Every British postage stamp includes an image of Liz Windsor, who had simply to be born into the right family at the right time to claim this honour.

Steve McQueen, artist, winner of the Turner Prize and later director of Twelve Years a Slave, wanted to use these stamps to honour some who were born into other, perhaps more conventional, families. They were the 110 British soldier who have died in Iraq. He had been commissioned by the Imperial War Museum to create a work of art on the Iraq conflict. And he knew that "The only people who are allowed to be portrayed on stamps are dead people, or the royal family".

But the Royal Mail and the Ministry of Defence did not like the honouring of these dead citizens. "They fobbed us of" Mr. McQueen said in an interview with the Financial Times. The Royal Mail chairman seemed interested at first but that interest did not last. The Ministry of Defence "were horrified" according to McQueen and not because he was making a political comment about Iraq.

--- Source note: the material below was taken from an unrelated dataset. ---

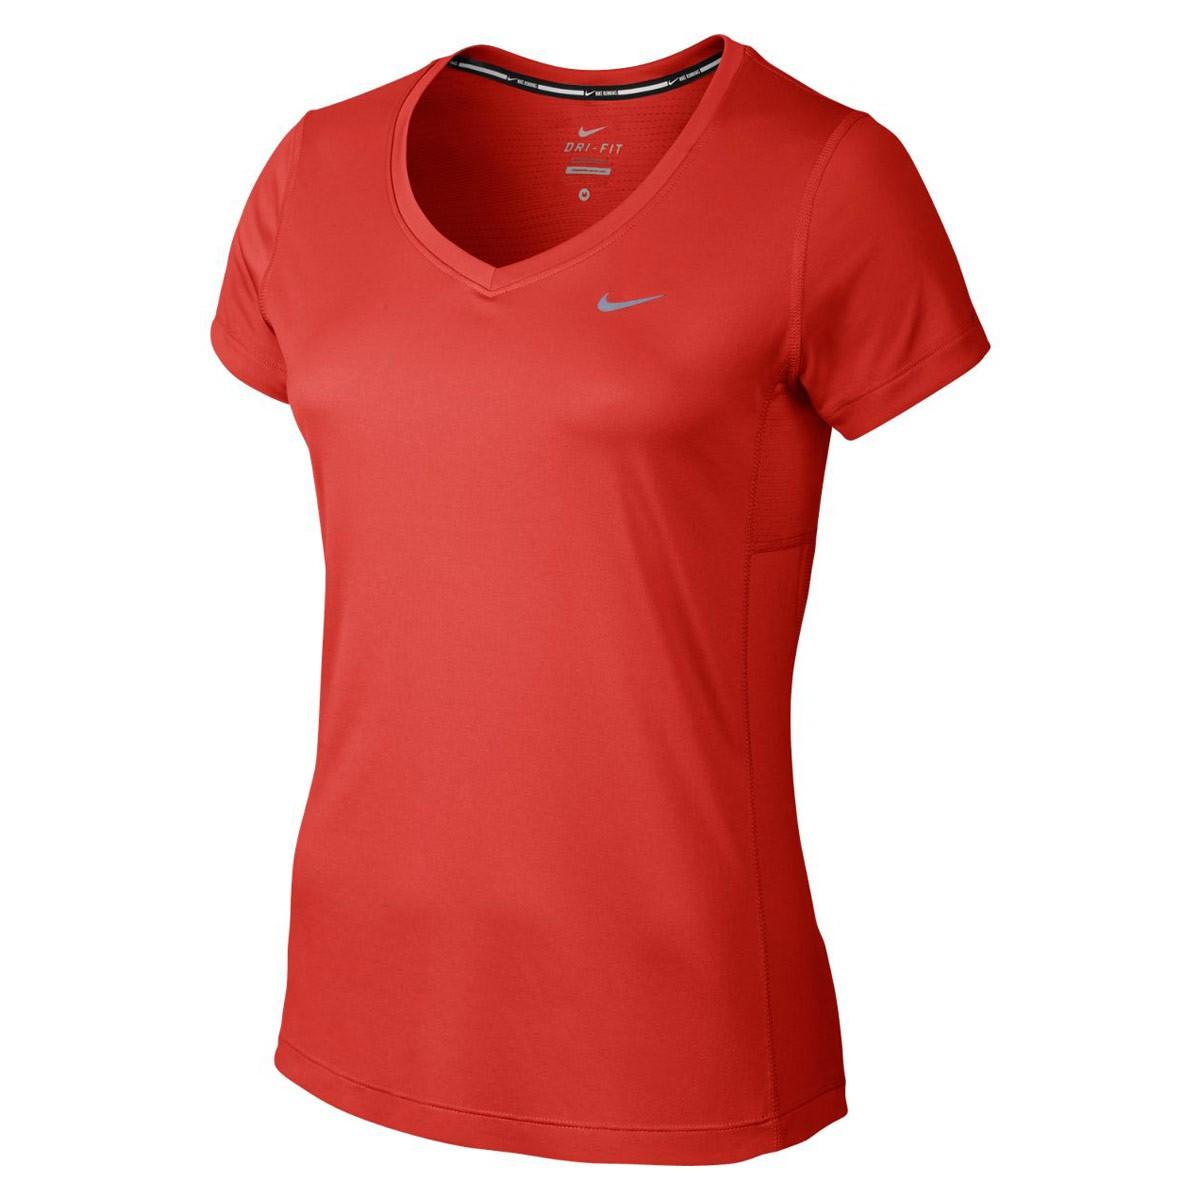 038eb65503dbd Bizz Store - Camiseta Feminina Nike Miller V-Neck Corrida Vermelha

He was not

Mr. McQueen made clear to the Financial Times his contempt for the Royal Mail, which has honoured cricket players on its stamps but refused to do the same for those who have given their lives in service to their country. "If (the Royal Mail) can react quickly enough to commemorate the Ashes (cricket) series, then an 18-year old who catches a bullet in this head can be honoured in the same way. I mean, come on. Catching a ball?"

McQueen had not reckoned with a state that awards honours for being born into an "aristocratic" family or for giving cash to a political party. But not for giving your life for your country. For being successful in business or as a pop musician. But not for giving your life for your country in a military that is riddled with class distinctions.

He had not reckoned with the British political system or the British social hierarchy. He had not reckoned with a system in which the state is not referred to as "the people" but as "the crown". He had not reckoned with the British preoccupation with elites. Not with the intricacy and bureaucracy of an honours system as complex as the class hierarchy it reflects. Nor with a system that uses as badges of honour feudal titles that make a mockery of the common people. In such a system the honouring of the common people is almost subversive.

McQueen went ahead and created the stamps anyway. They were displayed in February in the Manchester Central Library. The majority of the families of those commemorated have declared their support for the project that the British state rejected.